In the post “Your Life Story: How Much to Tell” (September 17, 2011), I promised a follow-up article that addressed the issue of whether or not to use people’s real names in your memoir. Here is that promised follow-up post:
“What should I do? Should I use their real names?”
This is a question that gets asked every time I teach Write Your Life. My students, and many of my clients, are writing about their own lives. But they can’t very well write about their lives without writing about the people in their lives. None of us lives in a vacuum (except maybe a monk living in a cave in the Himalayas, but so far I haven’t had any cave-dwelling monks take my class).
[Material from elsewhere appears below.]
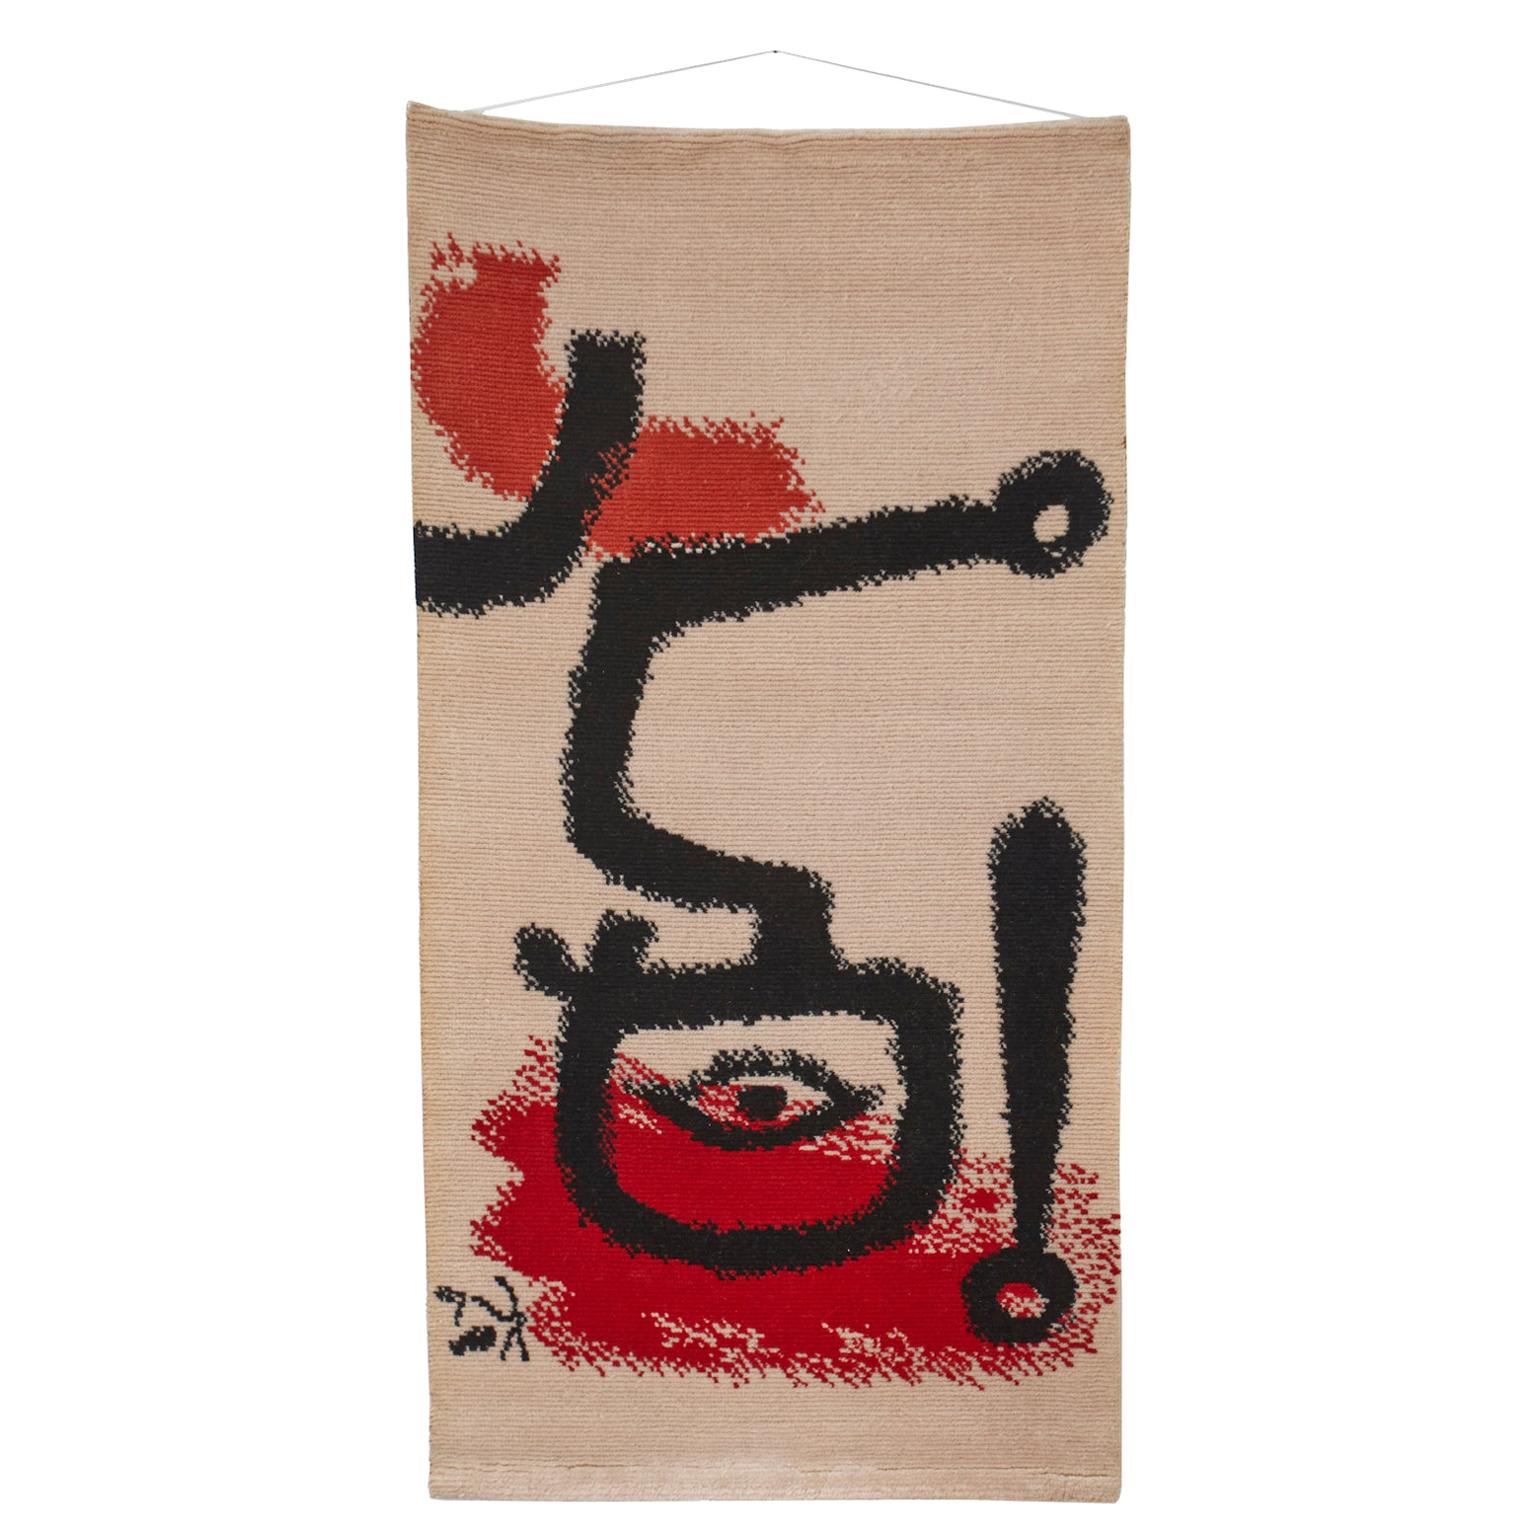 The Drummer Boy after Paul Klee, 100 Percent Wool Rug/Wall Hanging For Sale
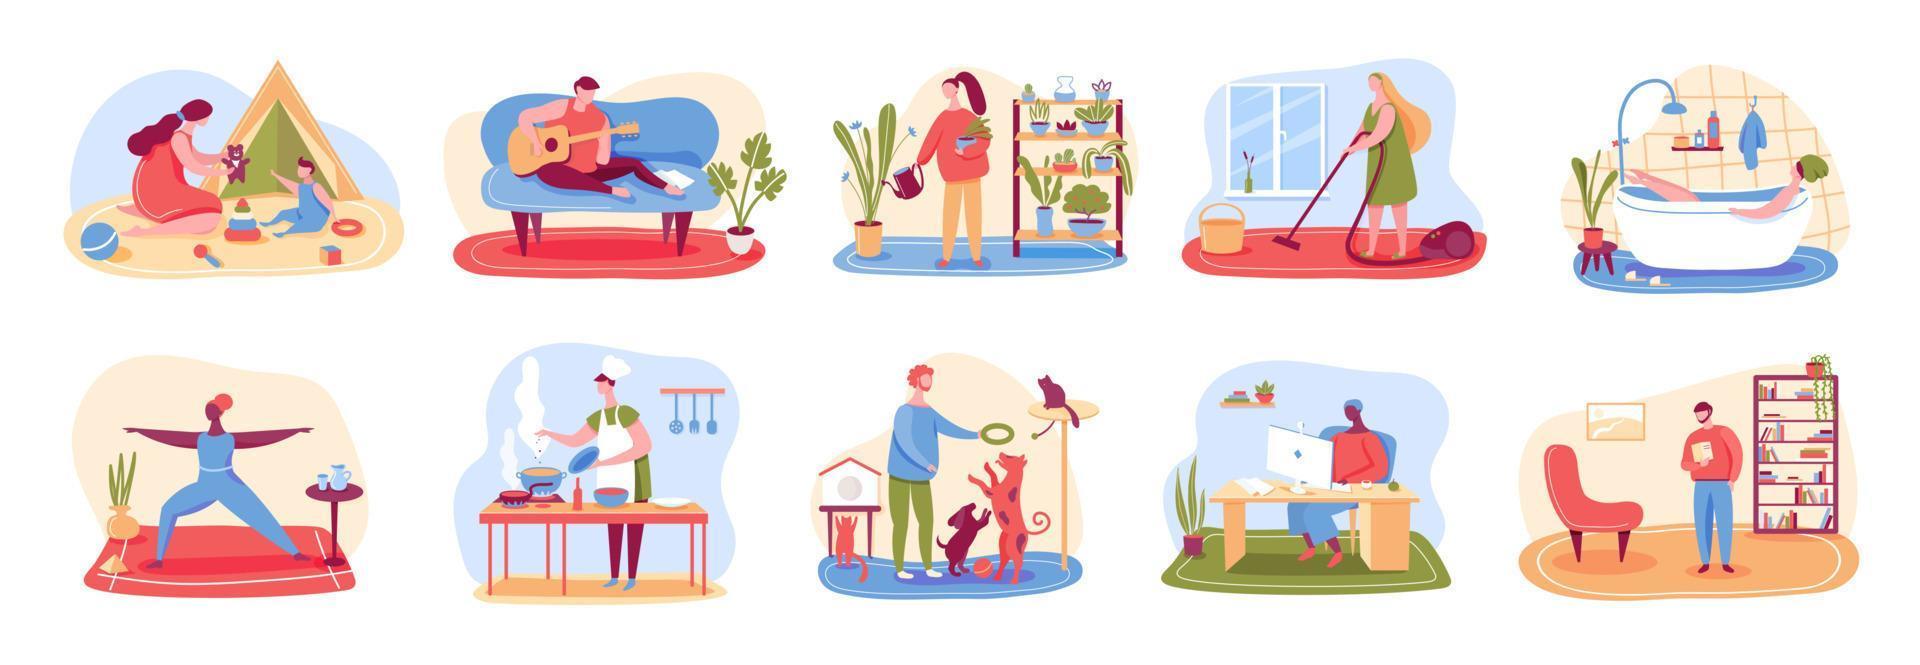 Home activities. People cleaning home, cooking, taking bath, playing with pets, practicing yoga, reading. Leisure time, relaxing indoor activity vector set

Of course, this question wouldn’t arise if the people in my students’ lives had behaved nicely. My students aren’t worried about writing that Uncle Saul was an absolute angel. Let’s face it, we want to write about our lives because it’s been hard. We had a harrowing childhood or we’ve escaped from an abusive relationship or we’ve built our dream despite all the naysayers. If there’s drama or conflict (and drama and conflict make for good story), then at least one person was a jerk.
But just because someone was a jerk doesn’t mean we want to ruin their life by exposing them in public. (And we certainly don’t want to end up getting sued for slander or libel.) So what do you do? Do you write your story as fiction? Do you move your town halfway across the country and rename all the characters? Do you change all recognizable traits?
Anne Lamott provided a hilarious answer at a reading I attended many years ago. Someone in the audience had asked the very question at hand and, in true Lamott style, she said: “Give the character a small penis.” (Clearly Uncle Saul would not step forward to claim slander if it meant he’d have to identify himself with the small-membered character.) Once the laughter in the audience had died down, someone else asked, “What if the character is a woman?” Without missing a beat, Lamott said, “Give the character a small penis.”
If anyone tries this tack, I’d love to hear how it works. If, however, you’d rather not mention genitalia in your book, you’re still left with the question: “Do I use their real names?”
The answer I usually give students and clients comes in three parts:
1) Write your first draft exactly as it happened, using all real names and places.
2) When you’re ready to sit down to your second draft (or third or fourth), then you can decide what you’re going to do about the name issue.
3) Before publishing your memoir, get feedback from others and, if necessary, consult an attorney.
Here’s my thinking behind this three-step approach:
1) You (and every writer that ever lived) already battles with enough resistance and procrastination when trying to write, don’t make it worse by censoring yourself. The best way to write a first draft is to remove all censorship and pour it out onto the page. (Save the editing and critical thinking for a later draft.)
2) This is one place where procrastination will serve you. Put off your decision about whether to use real names until a later draft.
3) The purpose of getting feedback from others is that we’re far too close to our own writing (and our own story) to see it clearly. Hire an editor or enlist a trusted friend (trusted to be kind, but also to tell the truth) and ask them how they think you’ve portrayed a particular character. You might be surprised. You may think you’ve portrayed Uncle Saul as a complete ogre, and your editor or friend may find him endearing. (There may be no need for the small penis after all.)
In the end, you’ve got to make a decision you can live with. Whatever feedback or advice you get, you’re the one who has to live with the decision, and any consequences.
I (and other readers) would love to hear how you have solved this dilemma of whether or not to use real names.